Paul Wallfisch: Die Musikalische Seite des Theater Dortmund

Wallfisch Ensemble: Mick Harvey, Paul Wallfisch, Alexander Hacke und Danielle de Picciotto | Foto: Thomas Ecke

Wie schon lange nicht mehr, erlebt das Dortmunder Theater eine unglaubliche öffentliche Aufmerksamkeit. Intendant Kay Voges hat dem Haus viel Lebendigkeit eingehaucht. Ihm gelingt es, mit überschaubaren Mitteln viel auf die Beine zu stellen.

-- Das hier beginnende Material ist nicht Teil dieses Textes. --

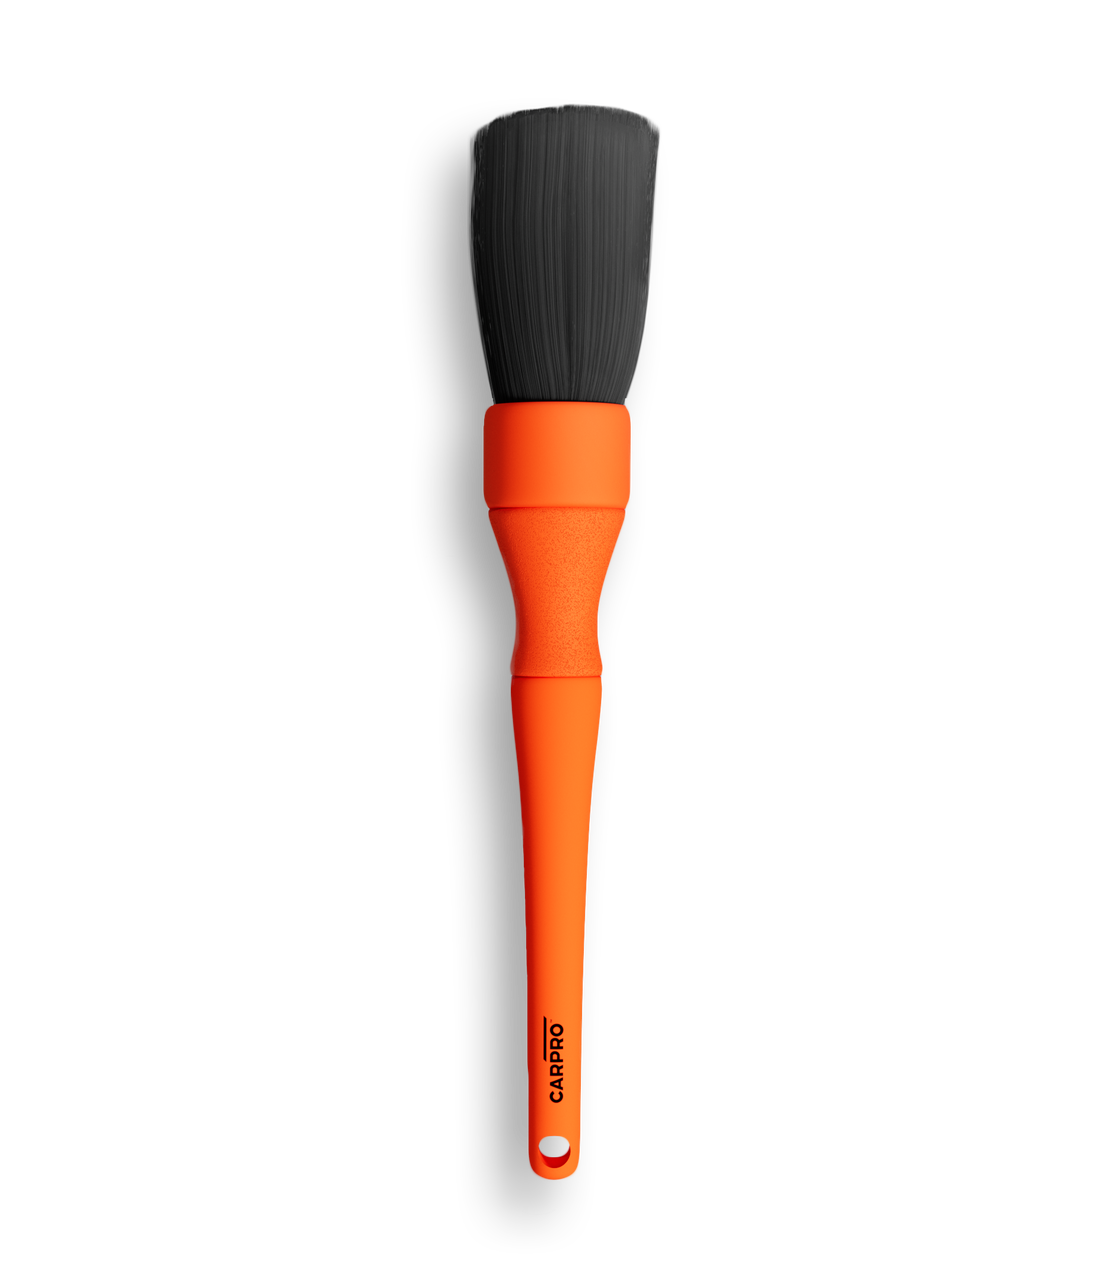 CARPRO XL Detailing Brush

Eine wichtige Figur im Ensemble ist der musikalische Direktor Paul Wallfisch, der ab Februar das Stück „Republik der Wölfe“ mit einem vielversprechenden Soundtrack in Szene setzt und sich dem Haus in besonderem Maße verbunden fühlt. „Dortmund hat ein schönes Theater“, sagt Paul Wallfisch, der früher in den Bands Firewater und Botanica spielte, „unglaubliche Schauspieler und einen sehr inspirierenden Künstler als Intendanten.“ Dem Klavier- und Gitarrenspieler ist es nun gelungen, zwei Musiker mit großen Namen nach Dortmund zu lotsen. Alexander Hacke (Einstürzende Neubauten) und Mick Harvey (früher bei Nick Cave & the Bad Seeds, heute bei PJ Harvey) werden zusammen im Verbund mit der Multimediakünstlerin Danielle de Picciotto und natürlich Paul Wallfisch die Produktion als musikalische Begleitband einrahmen.

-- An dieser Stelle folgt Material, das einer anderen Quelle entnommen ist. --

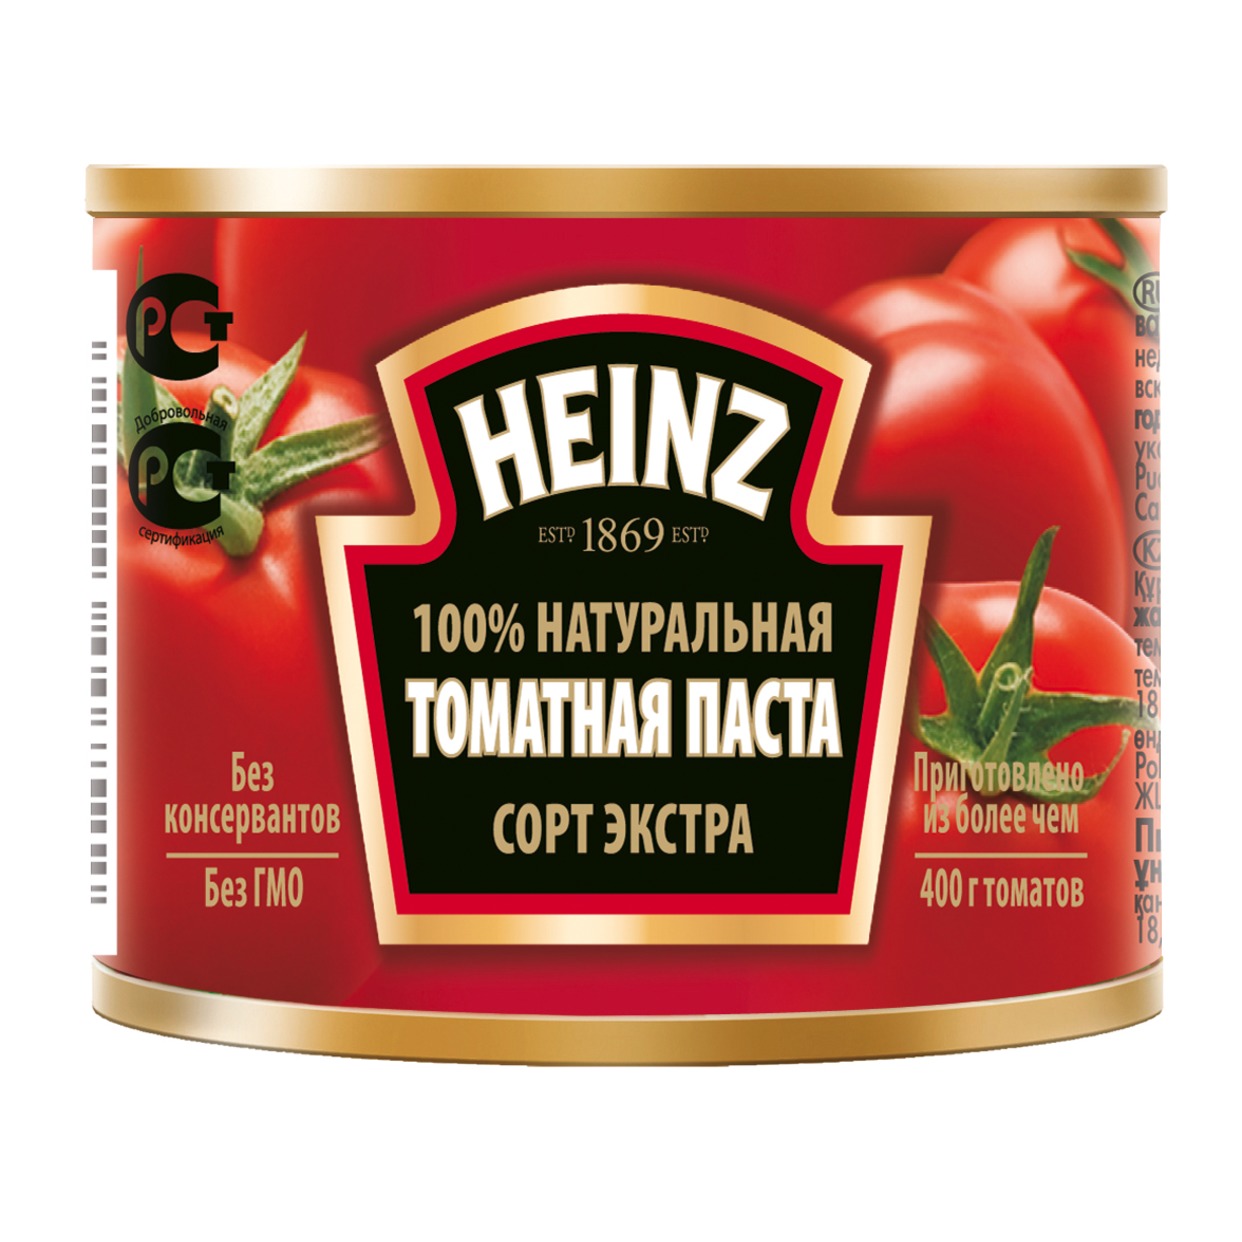 HEINZ Паста томатная ж/б 70г по акции в Пятерочке

Bereits am 22. November gab es bei der monatlich stattfindenden Musik-Session „Small Beast“ ein Aufeinandertreffen der Musiker, wo nur Mick Harvey fehlte. Unter anderem wurde an diesem Abend der Lou Reed Song „Turning Time Around“ (vom Album „Ecstasy“) dargeboten. In einer flammenden Ansprache krönte Wallfisch das Werk vom kürzlich verstorbenen Reed, der in seinem Verständnis neben Bob Dylan der größte Songwriter aller Zeiten ist. „Viele schreiben einfach nur Songs, aber was Dylan oder Reed machen, ist große Kunst.“

Nun sind Grimms Kinder- und Hausmärchen an der Reihe, von dem außergewöhnlichen Quartett ein musikalisches Korsett zu bekommen. In dieser Märchensammlung finden sich alle Verbrechen, die Menschen je an Menschen begangen haben: Entführer, Mörder, Menschenfresser und Folterknechte sind die Hauptdarsteller in dieser fabulierten Welt. „Ich finde, es spielt keine Rolle, ob die Musik amerikanisch oder deutsch ist“, sagt Wallfisch, „solange man die Seele der Entwicklung des Stückes versteht.“ Dornröschen, Aschenputtel, und Rotkäppchen werden nun in einer großen Collage in die urbane Gegenwart gebeamt. Regisseurin Claudia Bauer, die in der vergangenen Spielzeit in Dortmund bereits Rainer Werner Fassbinders „Welt am Draht“ auf die Bühne brachte, setzt „Republik der Wölfe“ dramaturgisch in Szene.